In this case, your best option is to allow the lab to grow them to blastocyst stage and then transfer 1 or 2 . This strategy allows the embryos to compete amongst themselves , so that the doctor finds it easier to select the best embryos, and transfer only these.

What about your spare ( supernumerary) embryos ? All good IVF clinics will freeze your extra embryos for you, if you so desire. This is a very sensible option, and you should take it if available ( in fact, you should not go to a clinic which does not freeze embryos !). There are many advantages to freezing embryos ( provided your clinic is technically competent at doing so). Not only does this dramatically reduce your risk of a multiple pregnancy, it also markedly improves your success rates. In technically proficient clinics, the success rate with frozen-thaw embryos is at least as good ( and often, even better !) than with fresh embryos. This is because there is no disruption of the hormonal environment in a frozen thaw cycle ( versus a fresh cycle, where the body is filled with the superovulation hormones and has excessively high levels of estrogen and progesterone). Also, a frozen thaw cycle is much easier for you to do ( no superovulation shots !) and much less expensive as well ! The doctors who bad-mouth frozen embryos only do so because they do not have the technical expertise to freeze embryos competently.

What happens if you have many embryos on Day 2, but they are of poor quality ? This can be a problem; and in these circumstances, it may not be a good idea to try to grow the embryos to blasts, because they may arrest, and you may not have any blasts at all to freeze.
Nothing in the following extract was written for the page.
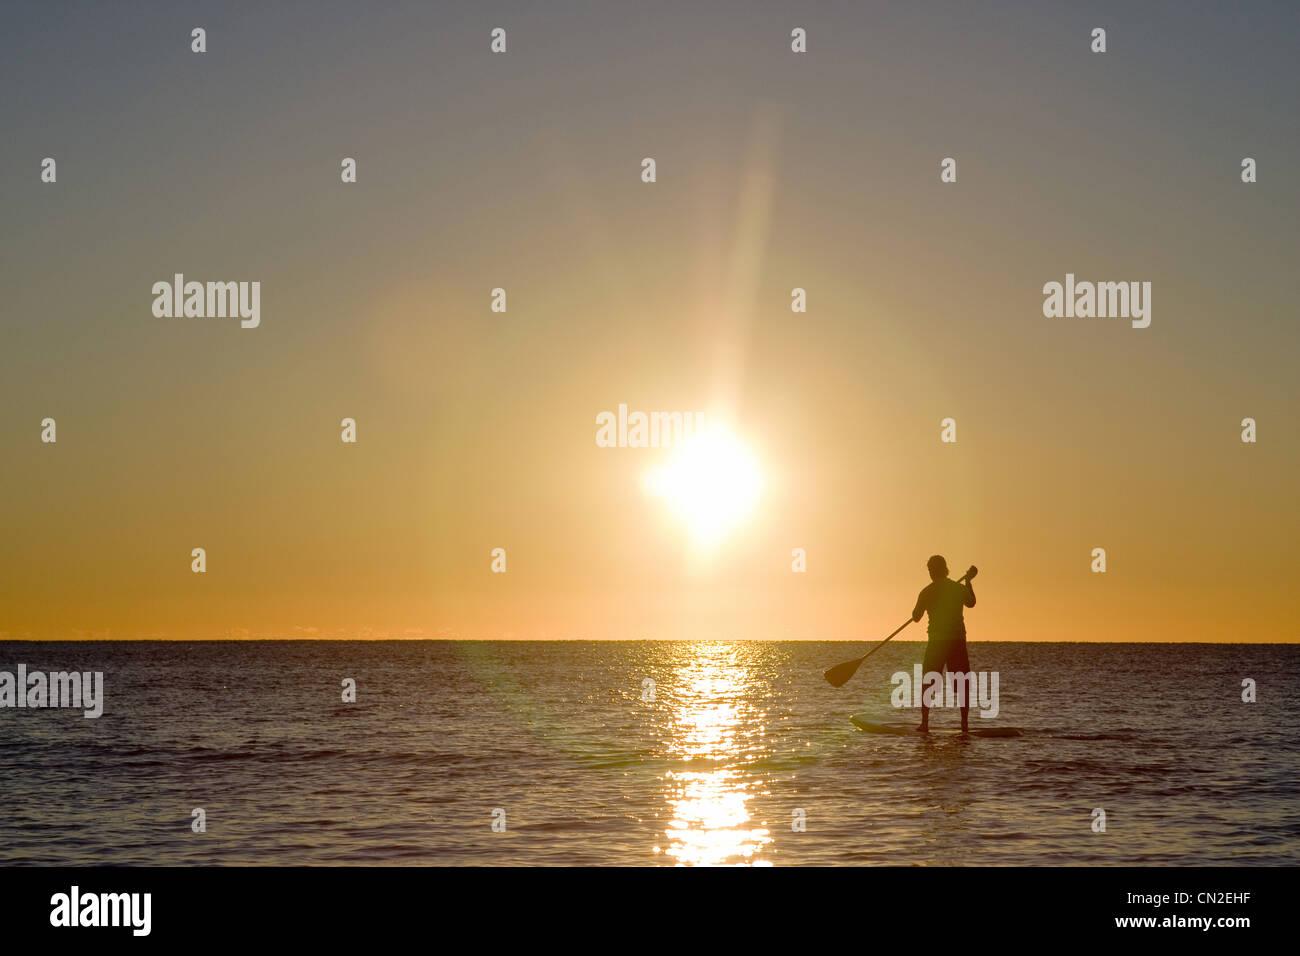 L'uomo Paddleboarding presso Sunrise, Florida Keys, STATI UNITI D'AMERICA Immagini Stock

While many patients are philosophical enough to accept this ( the reasoning being - if the embryo did not grow to a blast in the incubator, it most probably would not have grown in the uterus either, so at least I was spared the horrible tension-packed 2 week wait), others are very upset that the doctor could not transfer any embryos at all !

Thus, both the ability of the clinic to grow embryos to blastocyst stage; and their success rates with freezing are important variables to consider. The availability of these services allows you to optimise your choices !

This now brings us to the next improtant variable - your IVF doctor. Some clinics have a very rigid policy and will not break their protocol, no matter what your personal circumstances or desires maybe. Thus, some will transfer only one embryo, no matter. Others are willing to be more flexible and responsive; and will consider transferring more embryos if you are older or failed many earlier cycles.

Other clinics will routinely transfer 4 or 5 embryos into everyone. These are typically clinics with poor success rates, where the embryo implantation rate is not good. They try to compensate for this by transferring more embryos. However, quantity cannot compensate for quality. THese clinics do not get disturbed by triplet pregnancies because they offer selective fetal reduction to manage these. While this is an alternative approach, I do not find this reasonable, because of the high risk of second trimester miscarriages and preterm labour after selective fetal reduction.

Finally, the most important variable is your personal risk taking appetite. While some patients ( for example, those with one baby who are doing IVF for their second baby to complete their families) will be unhappy with a multiple pregnancy, others are quite happy to accept this risk and will request the doctor to transfer more embryos if this will increase their chances of conceiving. These include older women; and those who have failed multiple IVF cycles in the past.

In conclusion, there is no simple answer to this question - as is true for most simple questions. You need to find the right number for yourself, based on your personal circumstances, and discuss this with your doctor.

1 comment:

  1. Anonymous10:19 AM

    Dr Malpani: Thank you for writing this blog. I am going thru IVF right now and I find your topics very insightful. A lot of the same questions I have asked myself but found no easy answers. Thank you for taking the time to write.